Another important technique to note here is that you are defining description
and takeaway
fields. Not only are these useful for the user to quickly understand what the chart means and what they should take away from it, but they also force the model to generate a description of the data first, before it attempts to generate configuration attributes like axis and columns. This will help the model generate more accurate and relevant chart configurations.
Create the Server Action
Create a new action in app/actions.ts
:
/* ...other imports... */import { Config, configSchema, explanationsSchema, Result } from '@/lib/types';
/* ...rest of the file... */
export const generateChartConfig = async ( results: Result[], userQuery: string,) => { 'use server';
try { const { object: config } = await generateObject({ model: openai('gpt-4o'), system: 'You are a data visualization expert.', prompt: `Given the following data from a SQL query result, generate the chart config that best visualises the data and answers the users query. For multiple groups use multi-lines.

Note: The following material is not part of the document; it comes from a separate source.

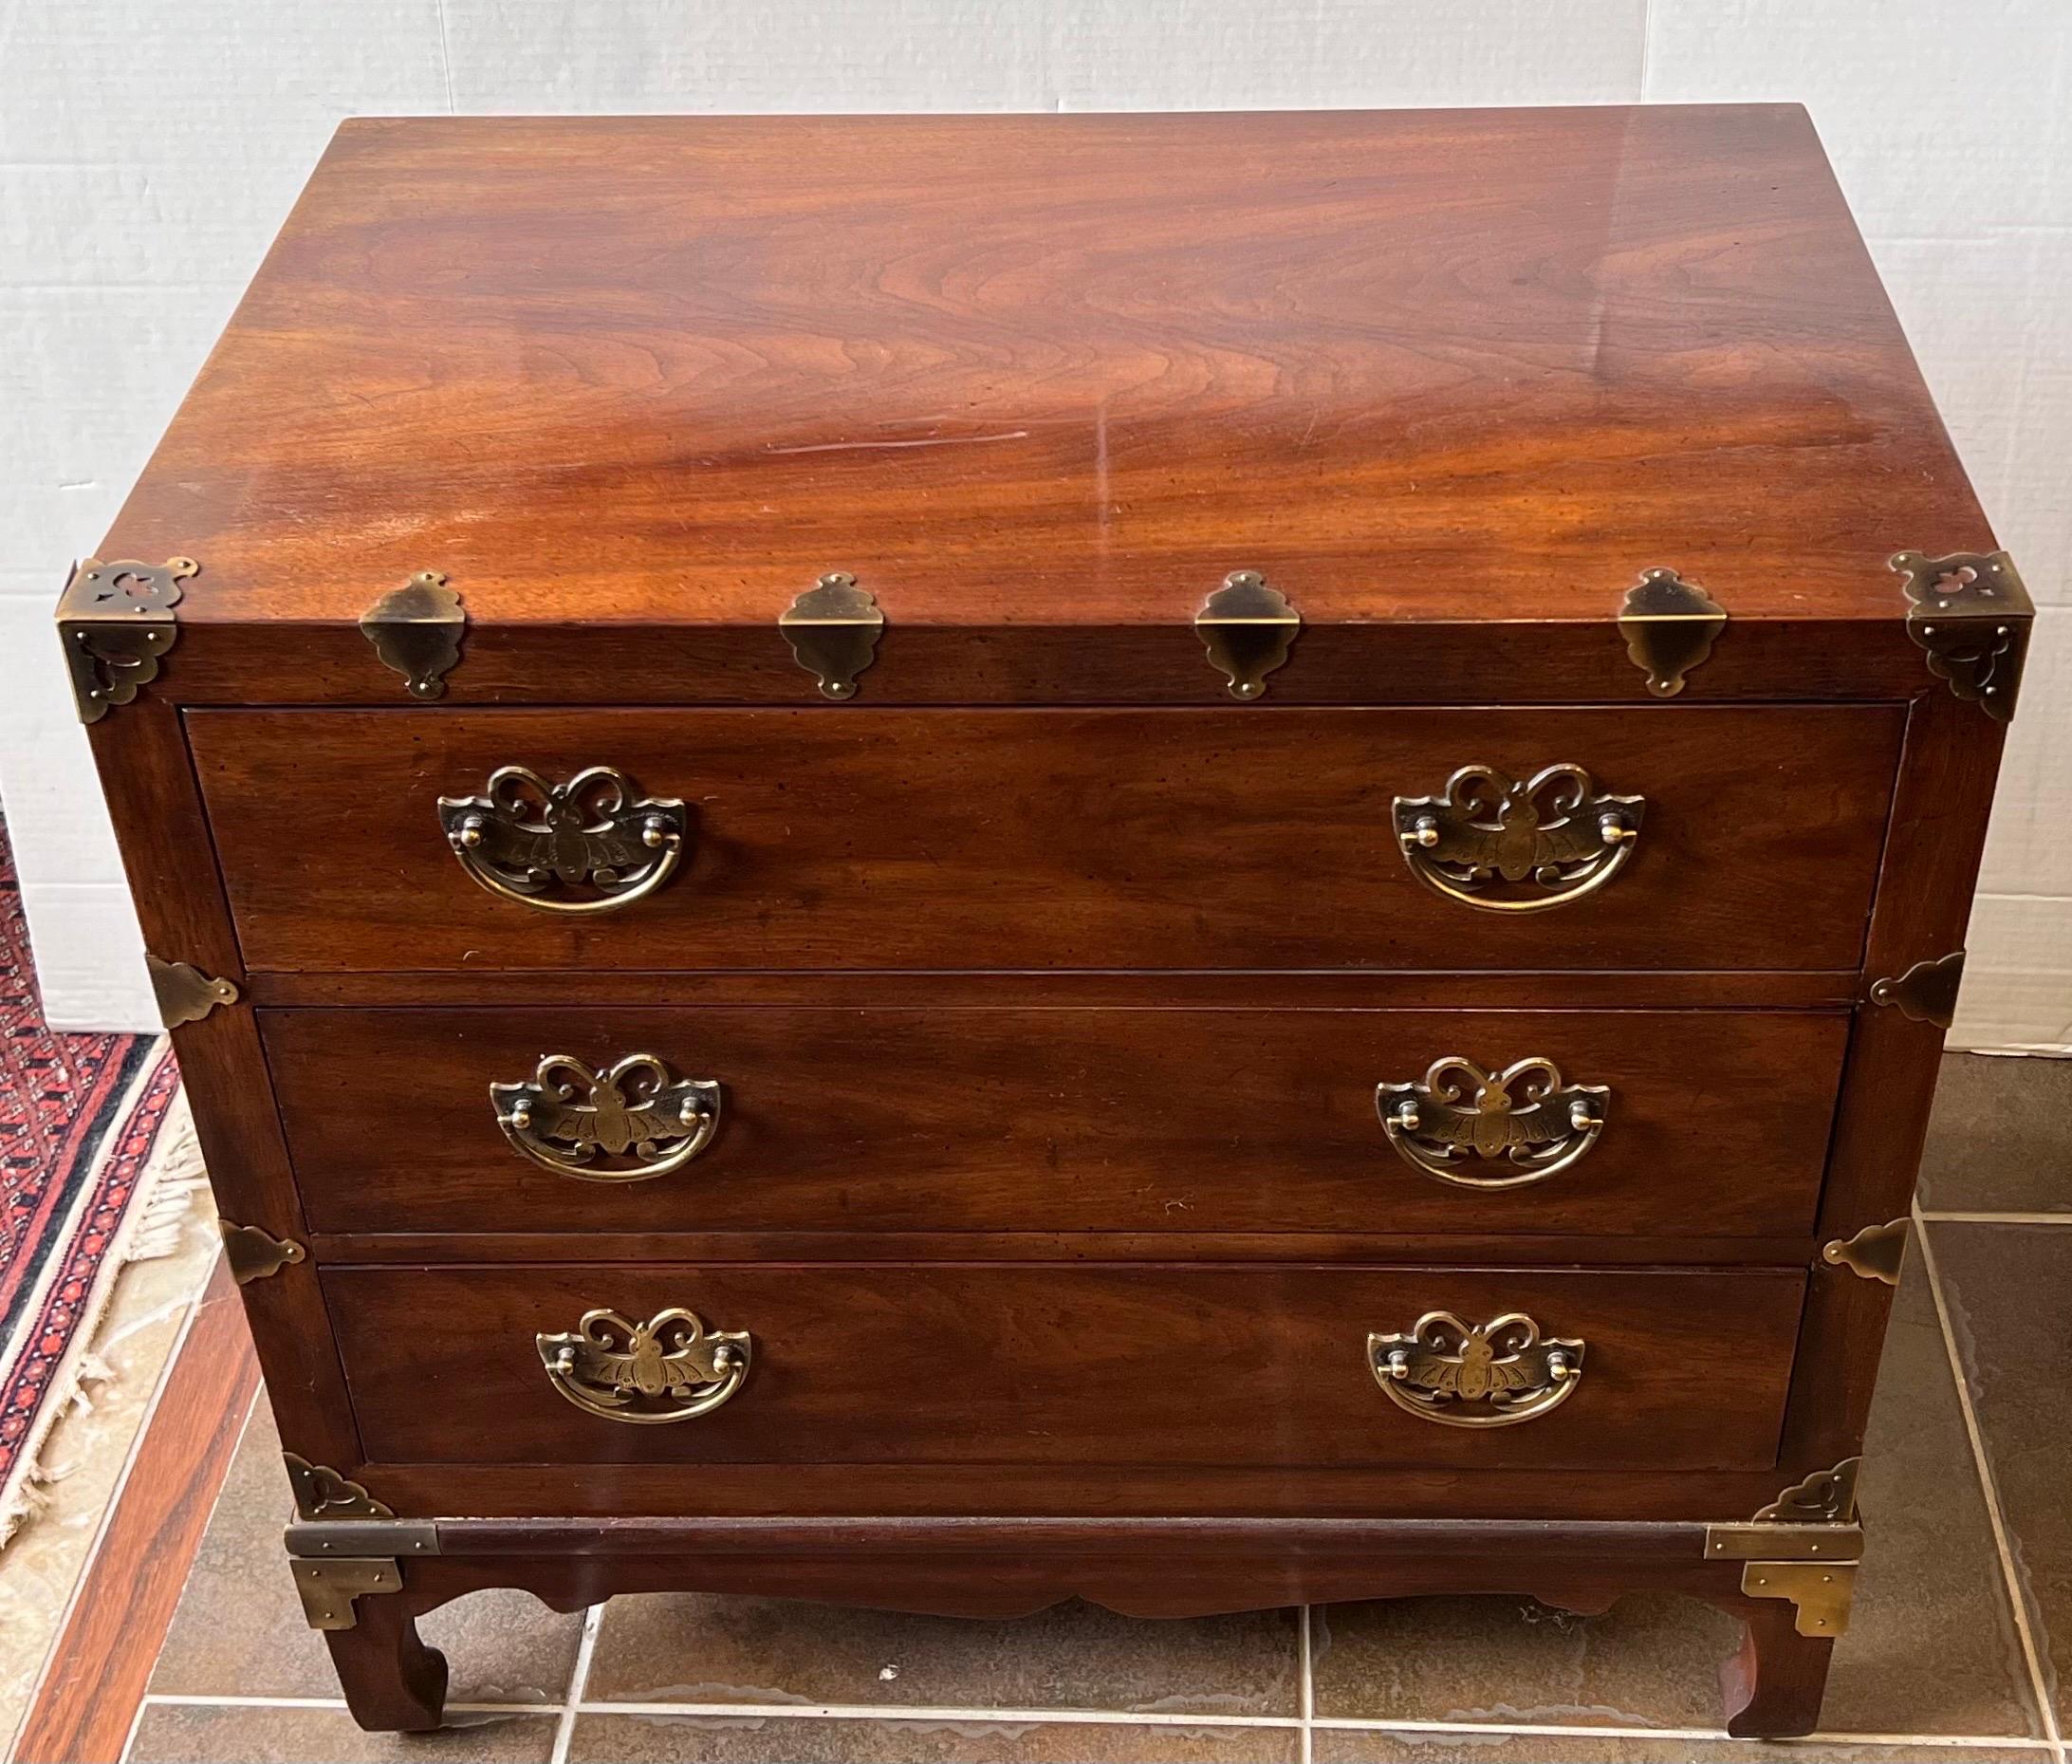 Stunning small chinoiserie styled three drawer chest of drawers with original brass butterfly shaped pulls and brass detail.  All Henredon hallmarks are present.

Here is an example complete config: export const chartConfig = { type: "pie", xKey: "month", yKeys: ["sales", "profit", "expenses"], colors: { sales: "#4CAF50", // Green for sales profit: "#2196F3", // Blue for profit expenses: "#F44336" // Red for expenses }, legend: true }
User Query: ${userQuery}
Data: ${JSON.stringify(results, null, 2)}`, schema: configSchema, });
// Override with shadcn theme colors const colors: Record<string, string> = {}; config.yKeys.forEach((key, index) => { colors[key] = `hsl(var(--chart-${index + 1}))`; });
const updatedConfig = { ...config, colors }; return { config: updatedConfig }; } catch (e) { console.error(e); throw new Error('Failed to generate chart suggestion'); }};
Update the chart component
With the action in place, you'll want to trigger it automatically after receiving query results. This ensures the visualization appears almost immediately after data loads.
Update the handleSubmit
function in your root page (app/page.tsx
) to generate and set the chart configuration after running the query:
/* ...other imports... */import { getCompanies, generateQuery, generateChartConfig } from './actions';
/* ...rest of the file... */const handleSubmit = async (suggestion?: string) => { clearExistingData();
const question = suggestion ?? inputValue; if (inputValue.length === 0 && !suggestion) return;
if (question.trim()) { setSubmitted(true); }
setLoading(true); setLoadingStep(1); setActiveQuery('');
try { const query = await generateQuery(question);
if (query === undefined) { toast.error('An error occurred. Please try again.'); setLoading(false); return; }
setActiveQuery(query); setLoadingStep(2);
const companies = await runGeneratedSQLQuery(query); const columns = companies.length > 0 ? Object.keys(companies[0]) : []; setResults(companies); setColumns(columns);
setLoading(false);
const { config } = await generateChartConfig(companies, question); setChartConfig(config); } catch (e) { toast.error('An error occurred. Please try again.'); setLoading(false); }};
/* ...rest of the file... */
Now when users submit queries, the application will:
- Generate and run the SQL query
- Display the table results
- Generate a chart configuration for the results
- Allow toggling between table and chart views
Head back to the browser and test the application with a few queries. You should see the chart visualization appear after the table results.
Next steps
You've built an AI-powered SQL analysis tool that can convert natural language to SQL queries, visualize query results, and explain SQL queries in plain English.
You could, for example, extend the application to use your own data sources or add more advanced features like customizing the chart configuration schema to support more chart types and options. You could also add more complex SQL query generation capabilities.